*Task goal*:
Quote every line below exactly and skip any picture.

*Data below*:

* * * * * * * * *

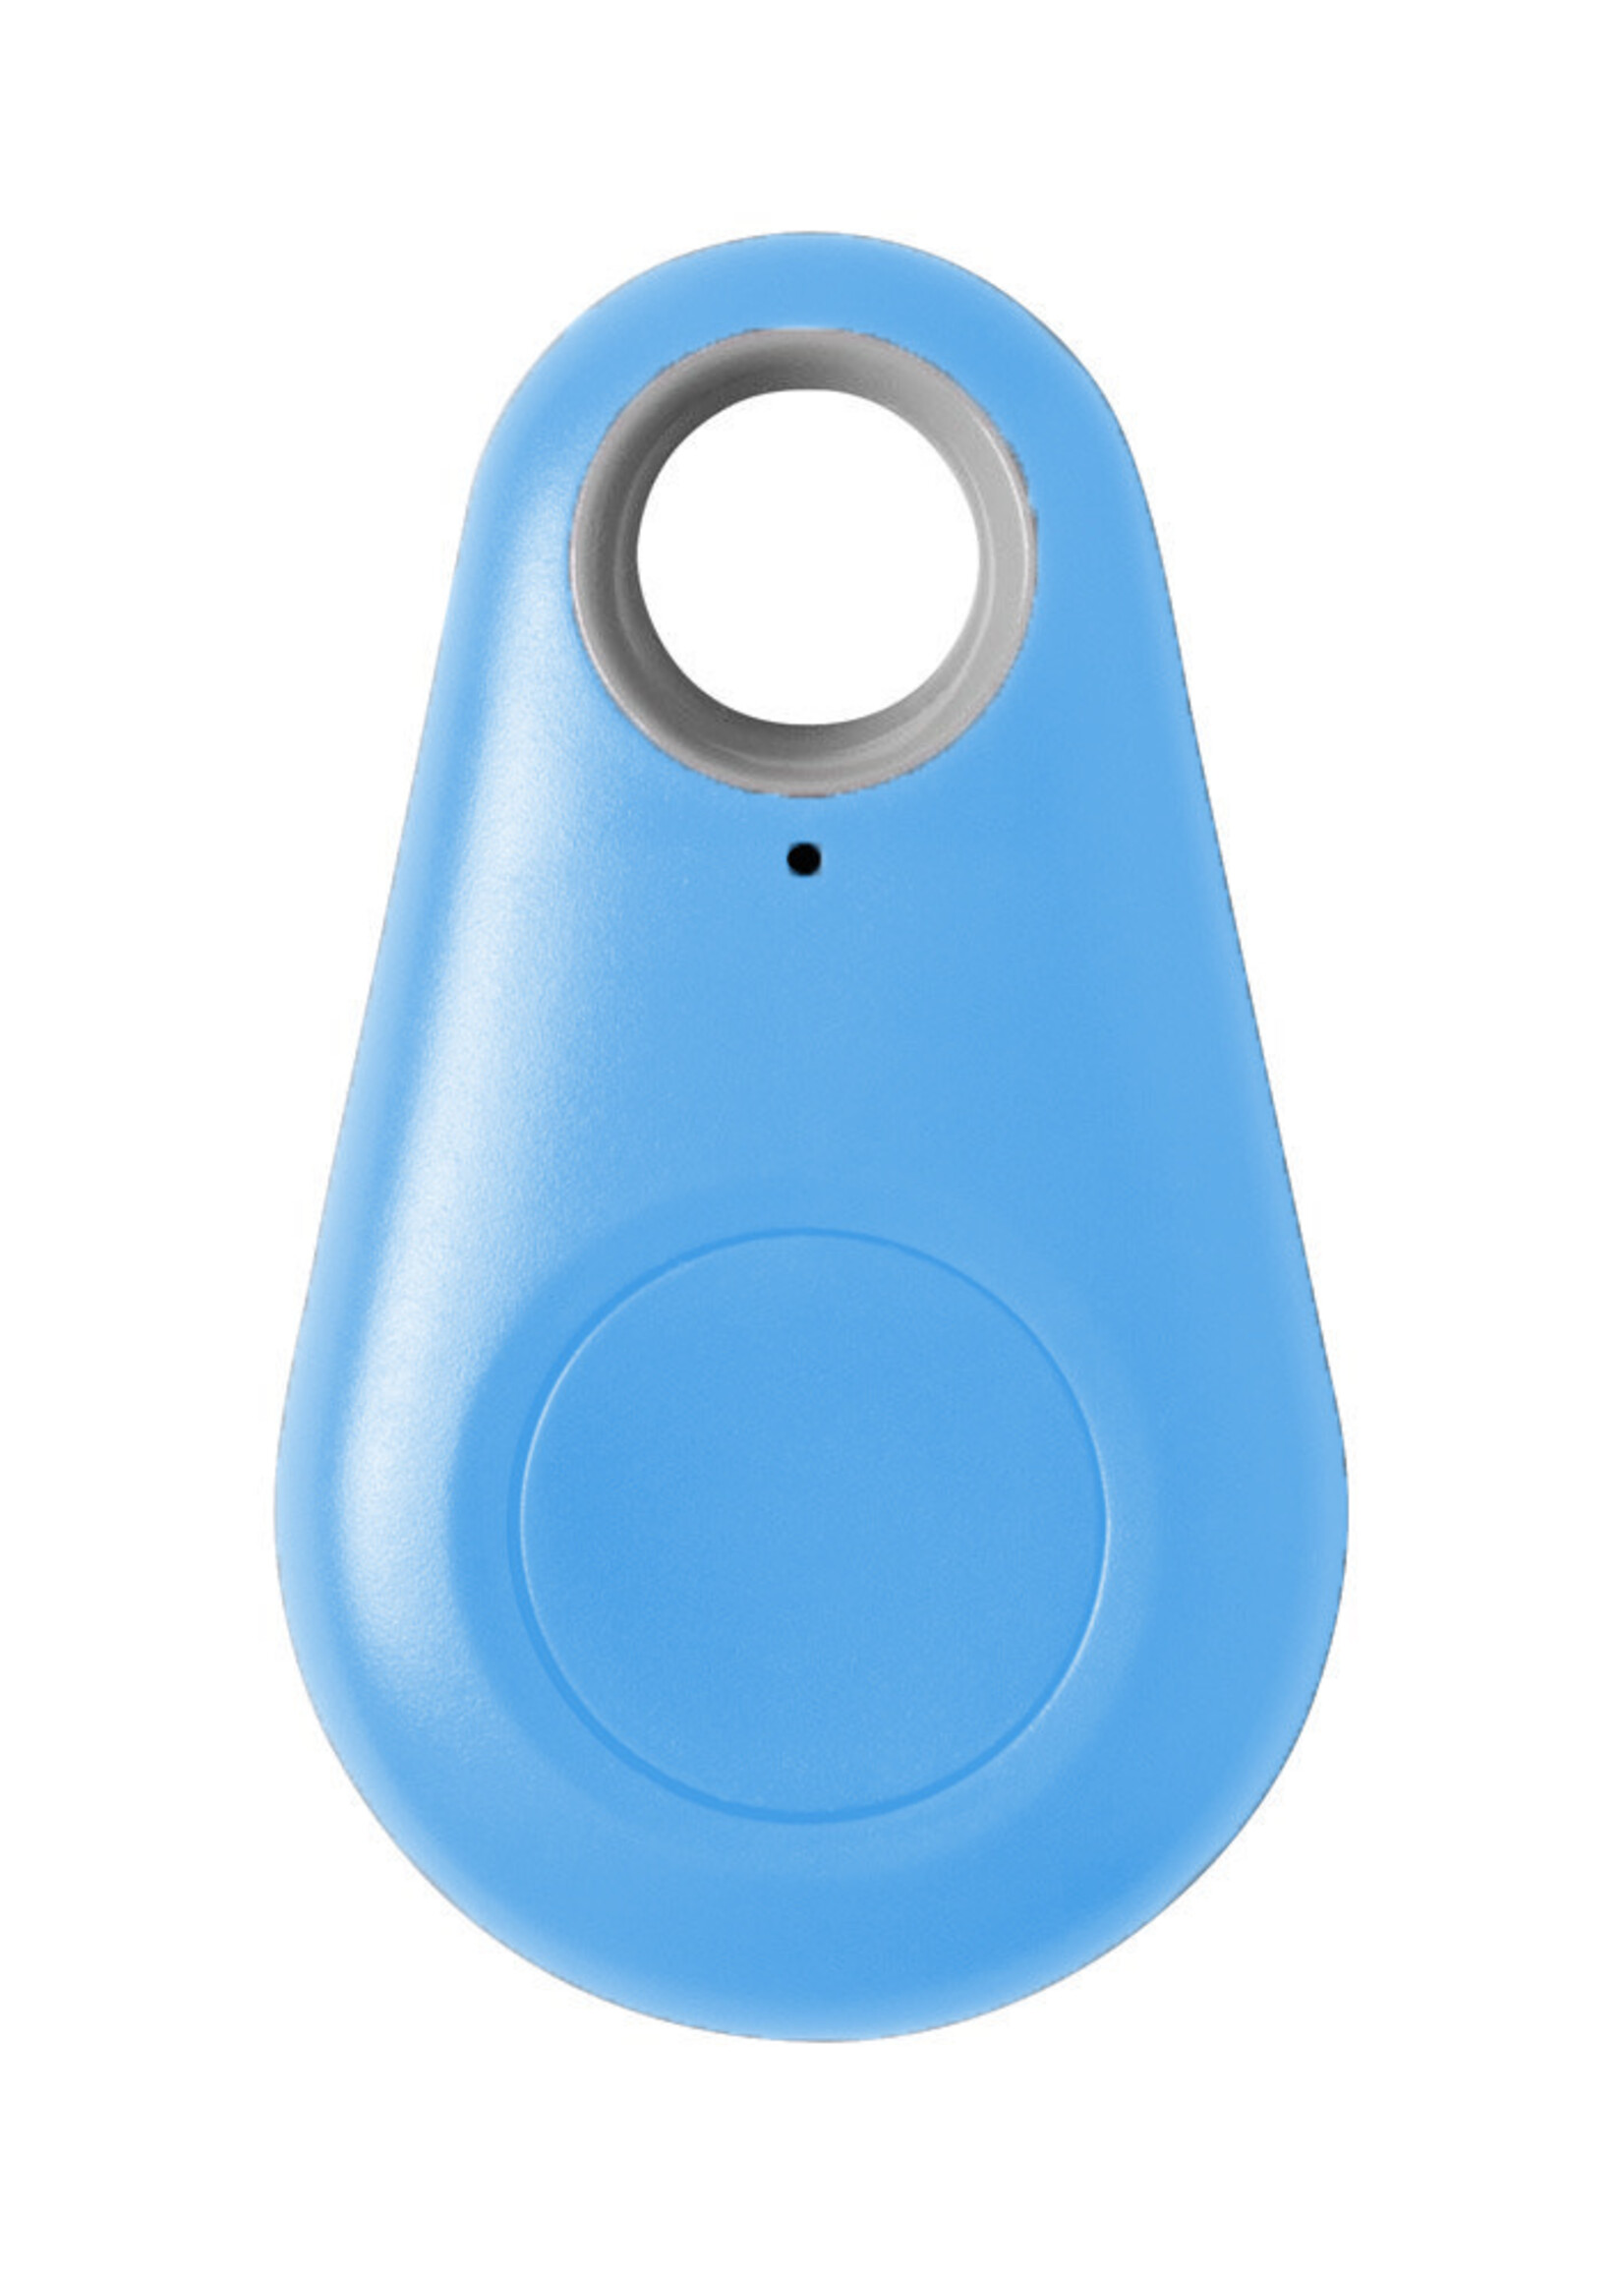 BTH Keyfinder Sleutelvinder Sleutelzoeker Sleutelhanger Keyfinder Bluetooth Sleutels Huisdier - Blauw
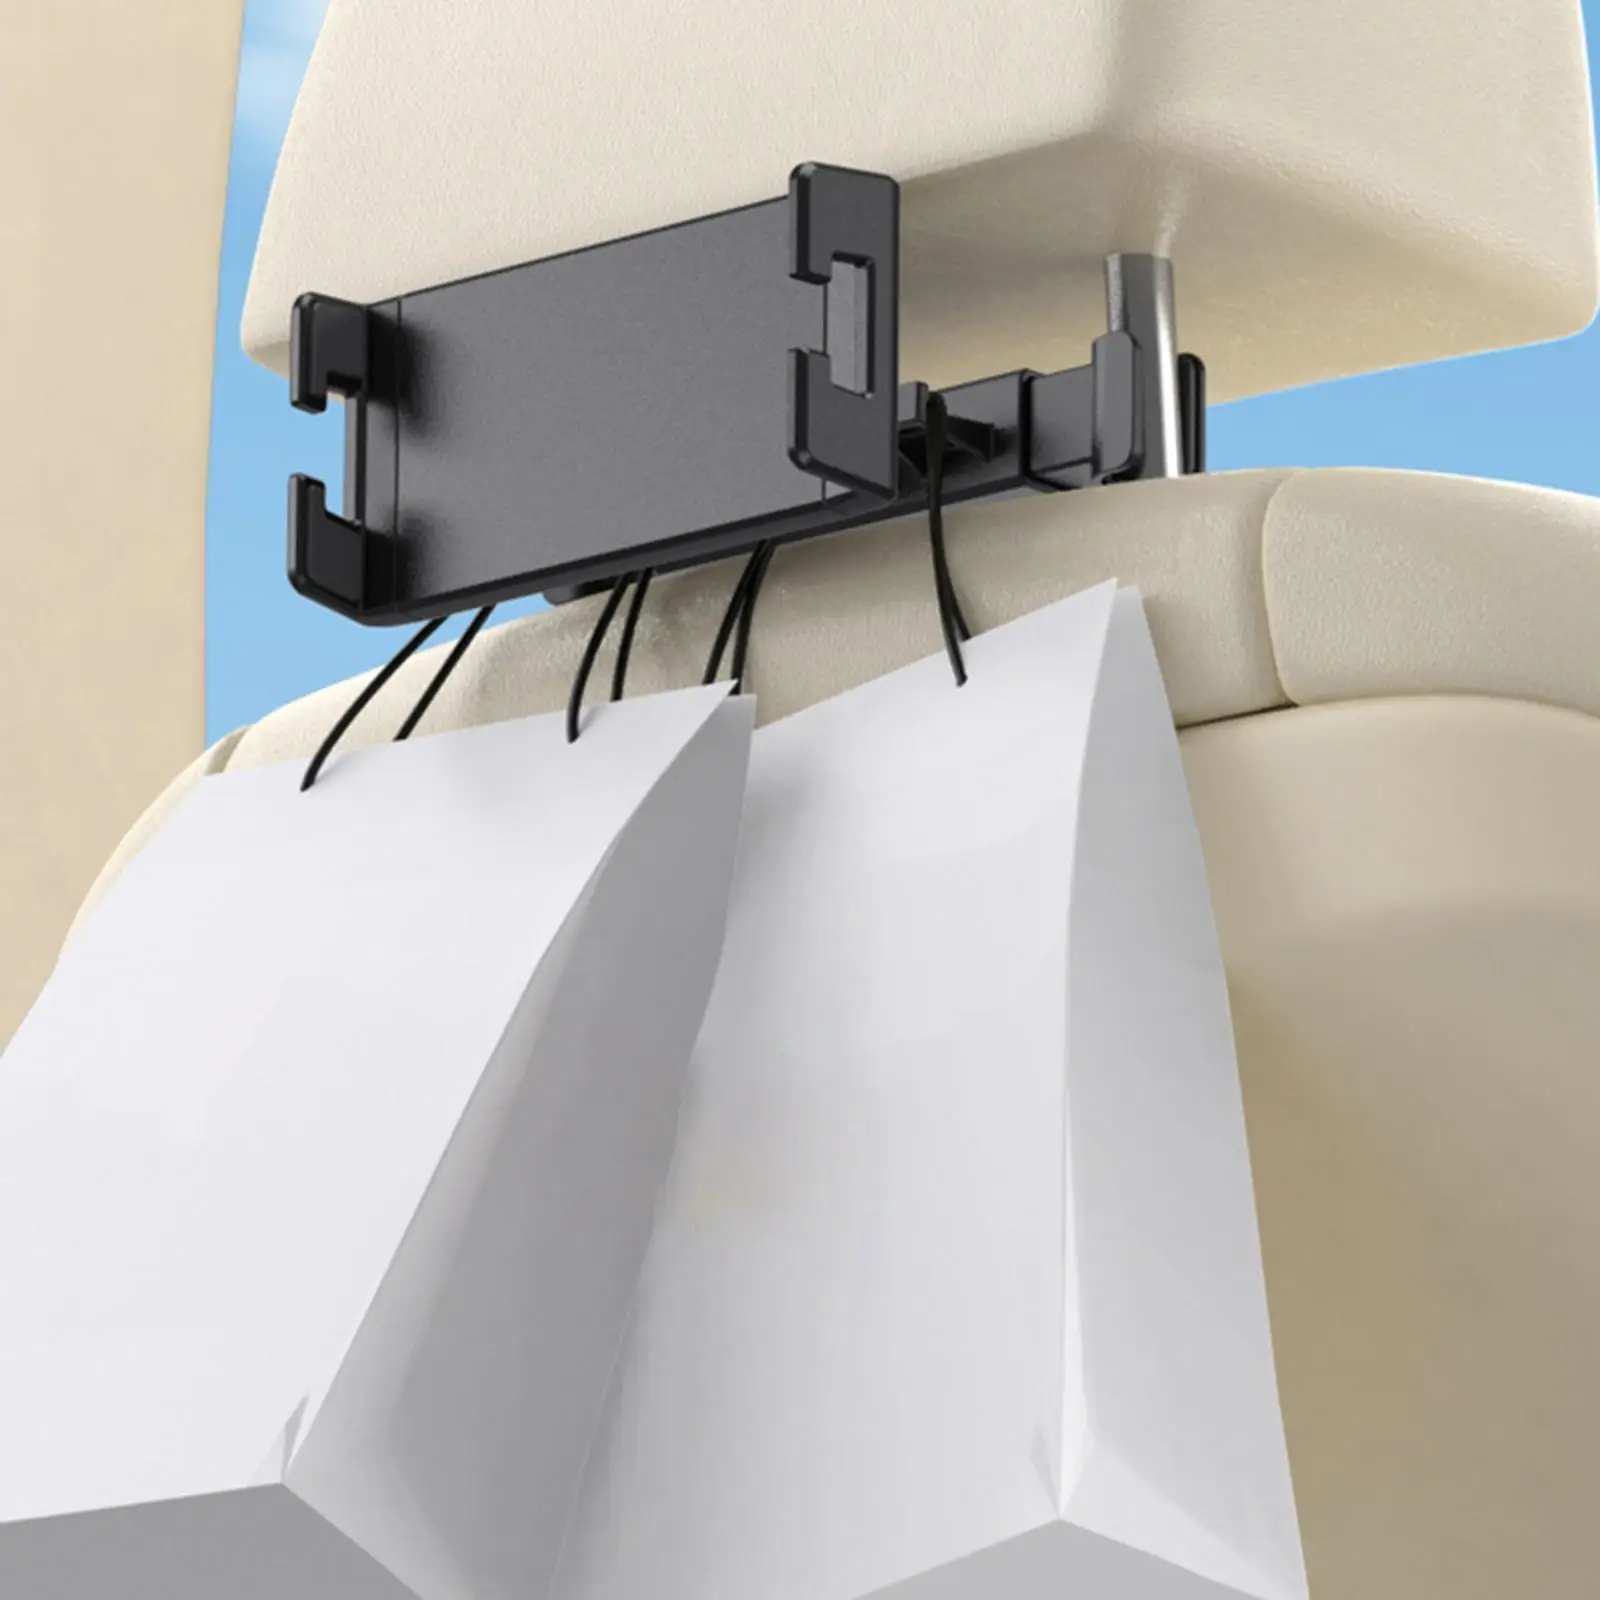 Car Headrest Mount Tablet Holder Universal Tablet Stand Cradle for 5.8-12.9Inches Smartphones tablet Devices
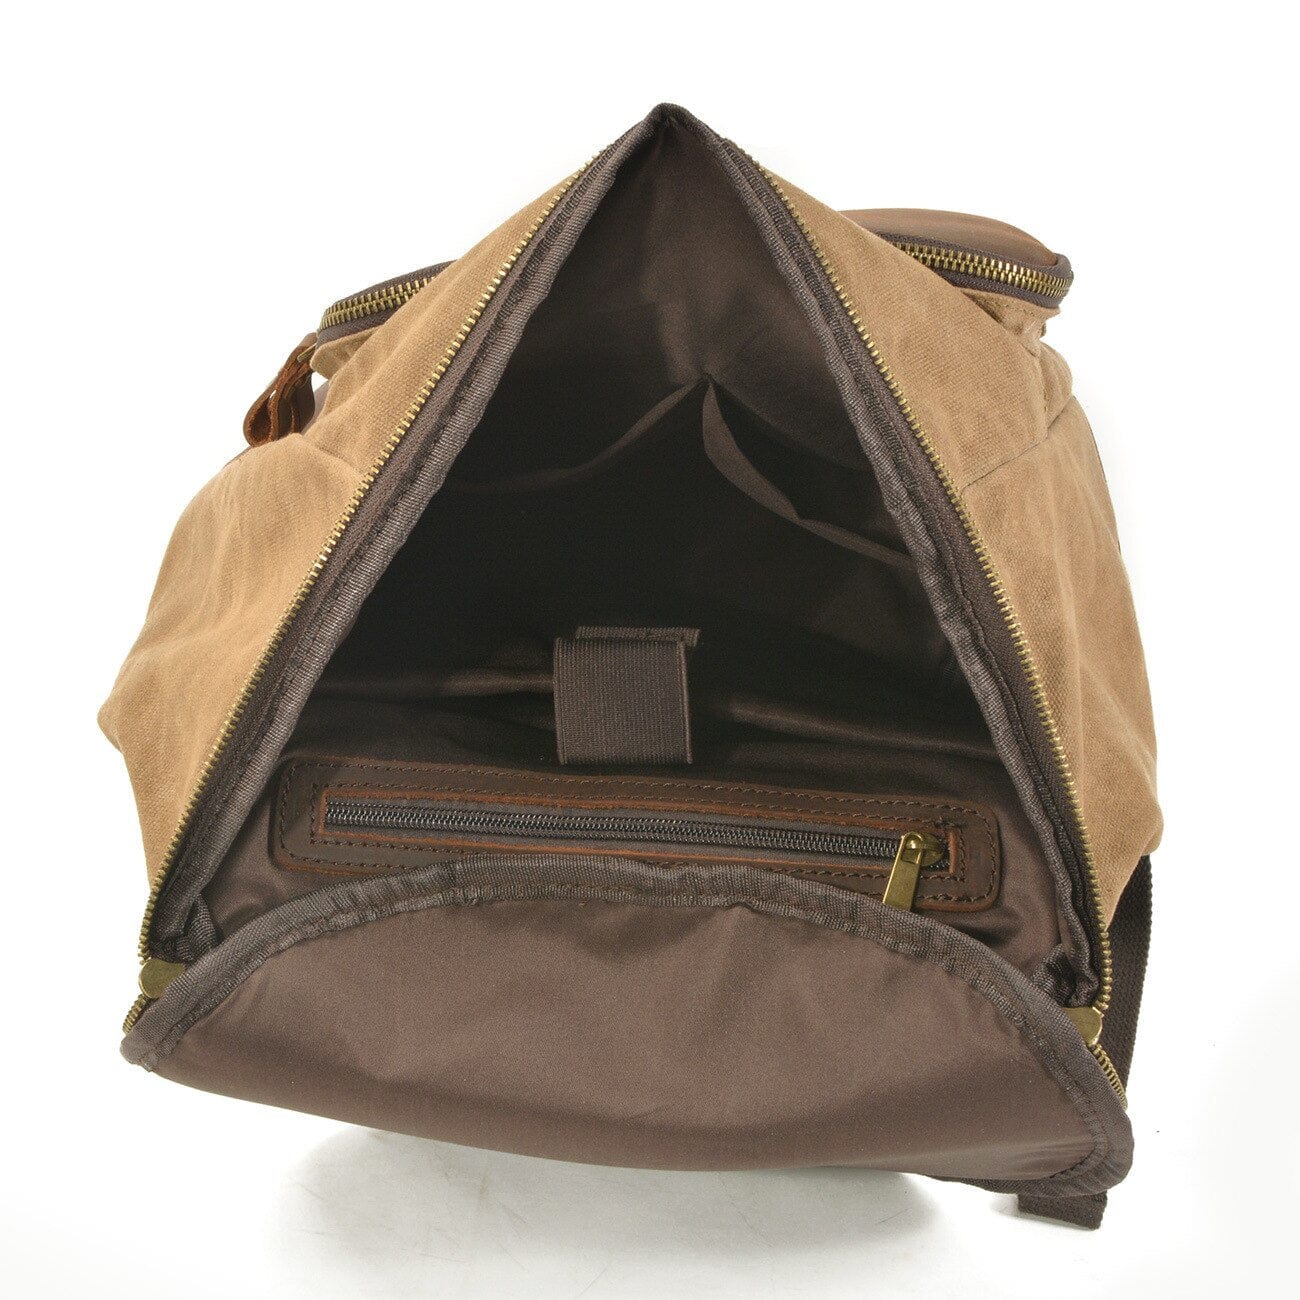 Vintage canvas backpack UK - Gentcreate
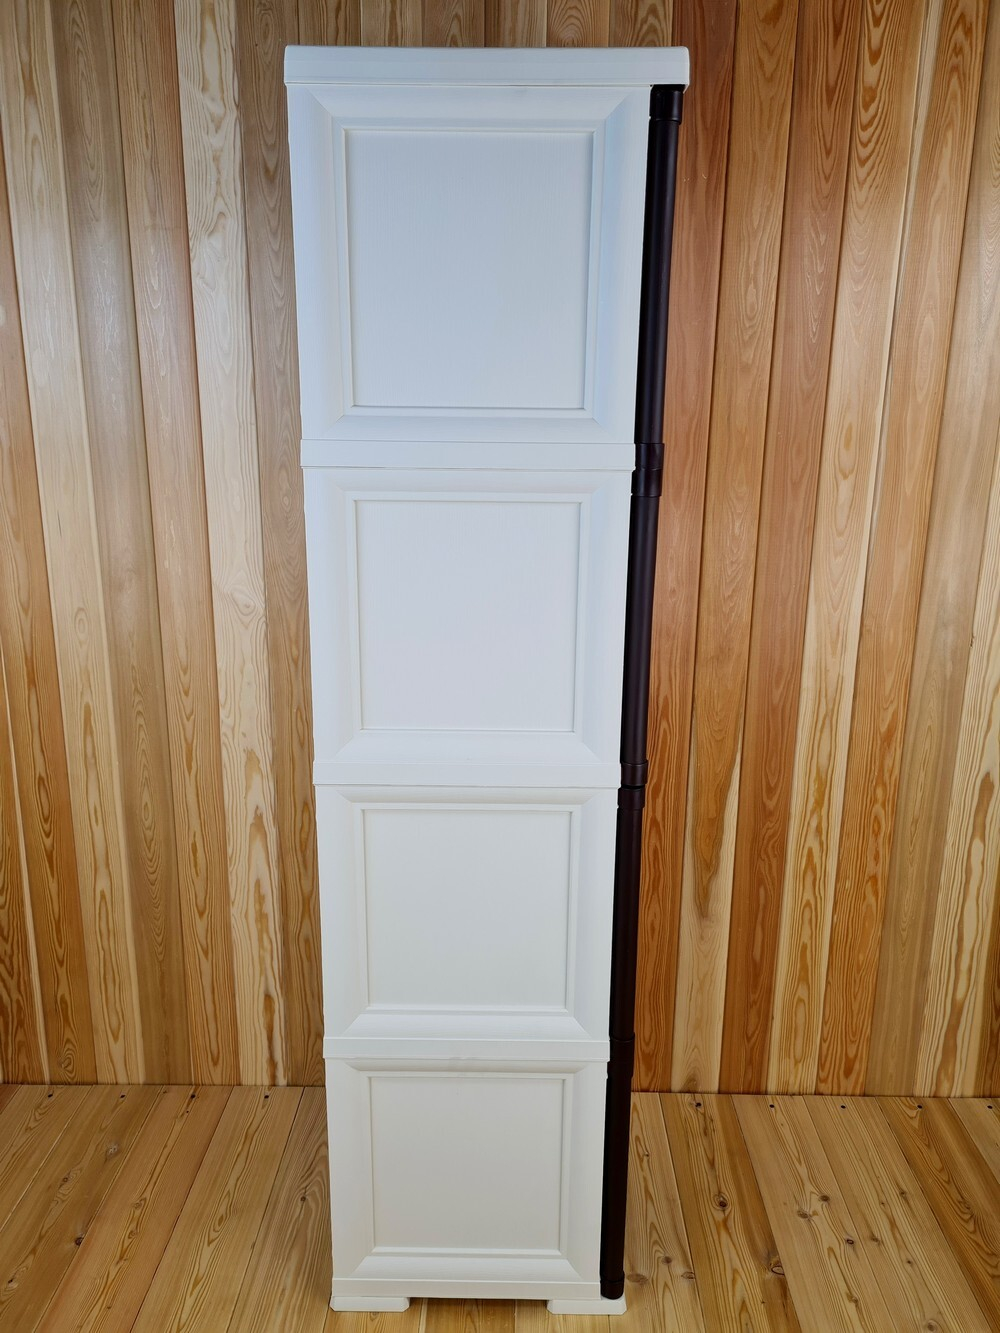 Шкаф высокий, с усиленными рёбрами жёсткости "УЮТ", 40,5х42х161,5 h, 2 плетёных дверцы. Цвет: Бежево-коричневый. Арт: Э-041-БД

* * * * * * * * *

*Written response*:
 BTH Keyfinder Sleutelvinder Sleutelzoeker Sleutelhanger Keyfinder Bluetooth Sleutels Huisdier - Blauw
 Car Headrest Mount Tablet Holder Universal Tablet Stand Cradle for 5.8-12.9Inches Smartphones tablet Devices
 Vintage canvas backpack UK - Gentcreate
 Шкаф высокий, с усиленными рёбрами жёсткости "УЮТ", 40,5х42х161,5 h, 2 плетёных дверцы. Цвет: Бежево-коричневый. Арт: Э-041-БД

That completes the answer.